The crooked teeth you worry about so much, don’t. It is fine, it is more than fine, it is beautiful. You would one day realise that human mind is very tricky. You will always be a little fat, little short or with too many pimples. Perfect weight & body are myths, like a unicorn. Focus more on beautifying minds, that is the longer lasting investment, for everything else you will have Photoshop. 

And most important of all things, nurture your friendships. You will not need a crowd of people, when you feel lost, but that one friend who would understand your need to kill people around and would stop you from doing so. If not just listens to you, you’d grow old to recognise that it is an important human need, ‘to be heard’. It becomes necessary to have someone who listens to you, and it is even more important to listen to yourself. The chaos grows inside-out and the trick is to keep it in check, is to keep communicating. Never underestimate the power of self to plunge within and find peace in solitude. Treasure the friendships that you feel will go long way. They will, and trust me when I say this, there will be times when they will be the ones keeping you from submerging.  

And at the end, keep reading. I know how you love that and it will take you a long way. Keep exploring things you enjoy doing, because this is the time. Every time after this you would find yourself gasping for time. Understand this that it is always good to be diligent but once in a while stop, breathe, feel the beauty around and within and then continue.

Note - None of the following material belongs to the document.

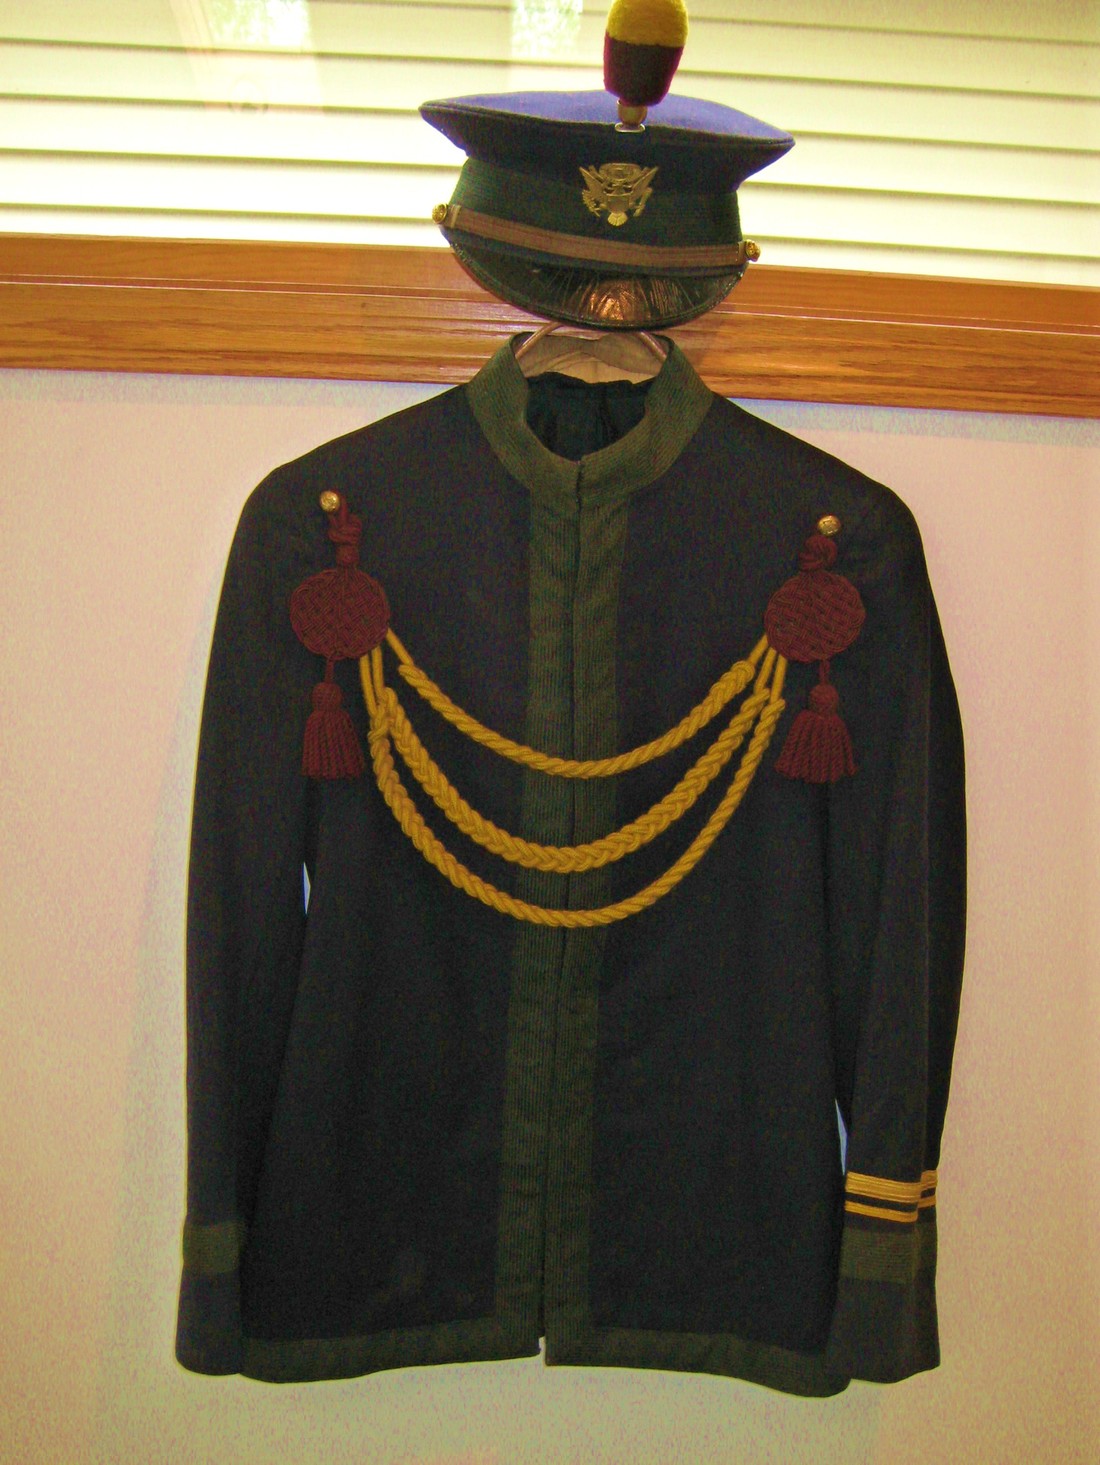 Band uniform from 1920s

Learn to appreciate yourself, that will make you see good in others as well.  

Life doesn’t come in boxes, you would find some simple gifts, along the various walks of life, it can be people, opportunities or simply some time to spurge; don’t forget to acknowledge them. Remember to dream, because in the end everyone becomes chasers of targets and cease to have the time or capacity to dream. This is the time, dream away, and find ways to follow them. Believe it or not, life is going to work out beautifully. You won't be perfect, but you'll be enough.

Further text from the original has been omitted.